Now not only do we deal with data itself as a whole, but we can also do data as individual files, as well as even secure down workstations or servers by encrypting their drives. So what does cryptography bring to the table? Well, it brings first of all what we refer to as non-repudiation.
What we mean by this is that this makes it so that whoever has sent a message because we can encrypt an email or who has saved a document can't later deny having altered that document.
"It wasn't me, I swear. " No, it was you because it was encrypted with your key. It also brings to the table integrity. What we mean by this is that we have the ability to say the data actually came from the actual source that we are requesting it from.
So it's the trustworthiness of the data or resources in terms of data itself being improperly handled or any unauthorized changes. It also brings to the table authentication. Sometimes we visit websites where it's important that we authenticate that we are who we say we are, as well as we obviously want to authenticate our credit card information, right?
So it's definitely important to us within our industry. And, of course, confidentiality is another major factor as far as what cryptography can do for us.
As far as confidentiality is concerned, it's, again, we can only make certain resources available to authorized users. Now as far as how this process works or how cryptography works are on a very plain or very elementary level, the process goes like this.
It's that we have plaintext, text that is formatted, that we can read. Maybe it's a Word document, maybe it's an email. But it gets encrypted using an algorithm like DES or AES or even RSA.
After that encryption's been applied, we refer to that whole document now as ciphertext. It's completely unreadable. The file is then transmitted, and on the opposite end, it just goes through the opposite process, right?
The ciphertext uses the keys that it's aware of to do decryption to then obviously give us the plaintext that the original sender or the resource wanted us to see. See? I told you this would be easy. Next, let's talk about the types of cryptography.
Types of Cryptography:
Let's talk about the types of cryptography. There's not a whole lot talking to do because, guess what, they're only two. There's what they refer to as symmetric, as well as asymmetric.

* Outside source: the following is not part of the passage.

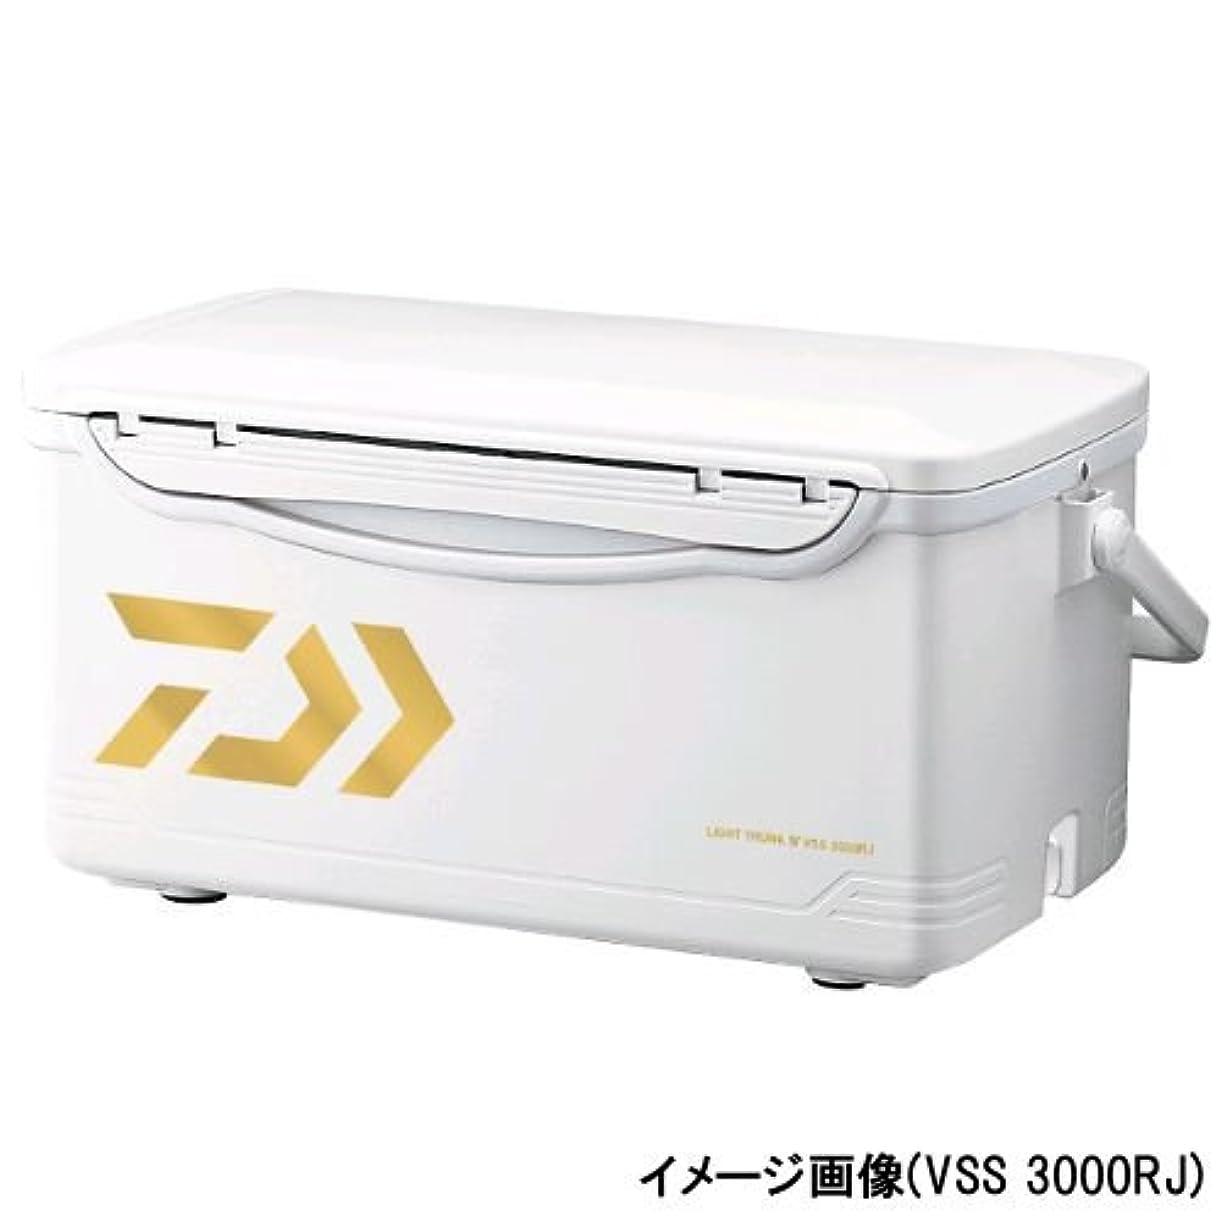 白雪姫ドラフトありがたいダイワ(Daiwa) クーラーボックス 釣り ライトトランク4 VSS2000R ゴールド

And let me tell you the difference between the two. There're huge differences and there are some pros and cons.
When it comes to symmetric, some of the advantages that it has is it's very easy to use because both parties use the exact same key to encrypt and decrypt. You can see the flaw there, right?
It's also extremely fast because we're using the same key over and over. It's very easy to implement because, hey, I can come up with my secret key and distribute it to you. I can distribute it to my friends. I can distribute it to my family or even anyone I like.

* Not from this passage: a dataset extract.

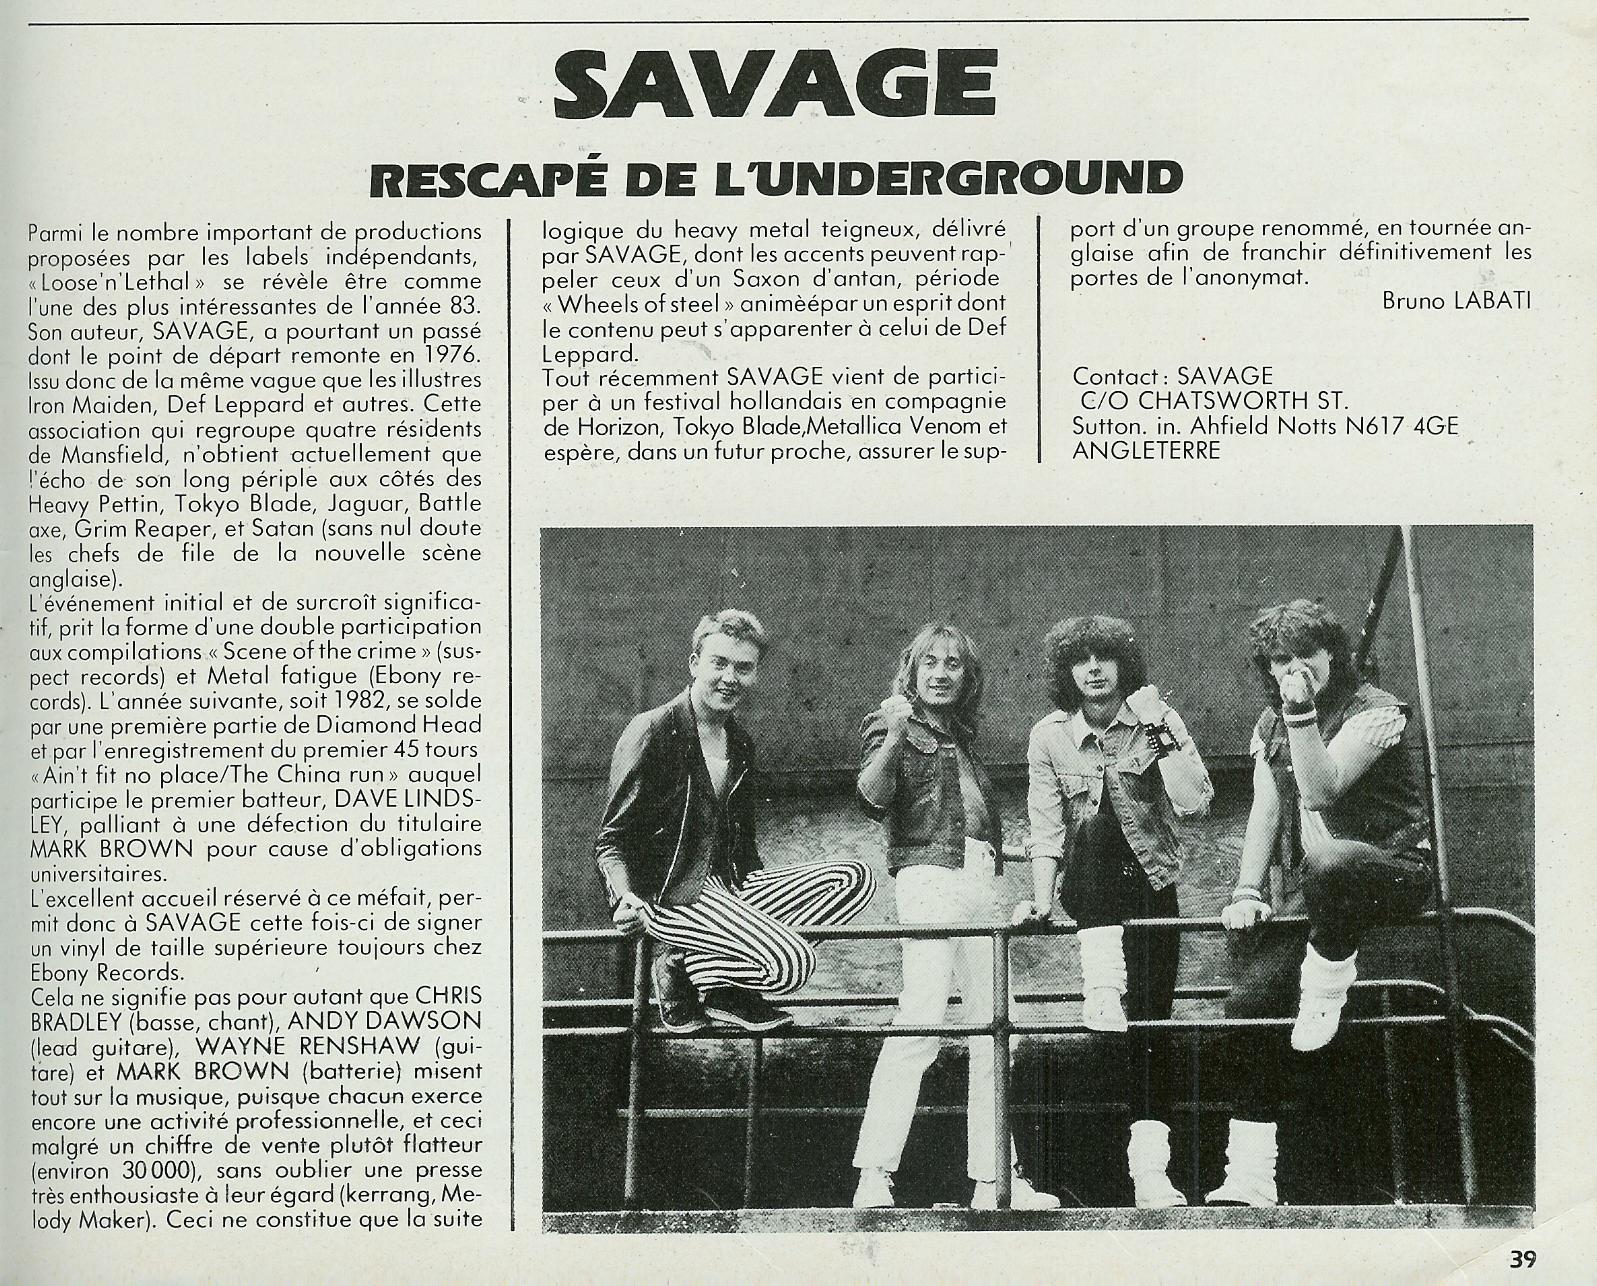 SAVAGE Loose 'N Lethal (1983) Heavy Metal ANGLETERRE Scan0019

But do you see the dilemma we have here? Once I start doing that, if I push out to 30 people, how secure is my key? Not very secure, is it? The key isn't transmitted with the data. That's one of the reasons why it's really, really fast.
All you need to do is have a copy of the key on your system. Now here're some of the downsides. Well, if the key isn't transmitted with the data, the downside is that you've got to distribute it to your parties that you want to have access to the resource.
Obviously, because we're distributing these manually, the manageability of these keys is extremely rough, as well as because the keys are rotating, there's nothing to change.
As a matter of fact, if I change my key, I have to update everybody. So I have to watch out for dictionary text because these keys have a tendency to be static. And because I may be distributing my keys to several people, it's really, really hard to prove authenticity because anybody can make a change to the resource or the data.
"But, what's a better solution? " Well, the better solution is actually asymmetric.
Asymmetric is much better because of, one, it uses what they refer to as a two-key infrastructure. It's also known as public-key cryptography.
We actually have two keys. One's public, one's private. The private key we don't share with anybody except for yourself. You keep it. It's typically a part of your system or stored specifically for your account.
The public key, we can give it out all we want, put it on Facebook if you want, tweet it out if you'd like because the public key is used for encrypting the data, but the private key is the only key that can decrypt it.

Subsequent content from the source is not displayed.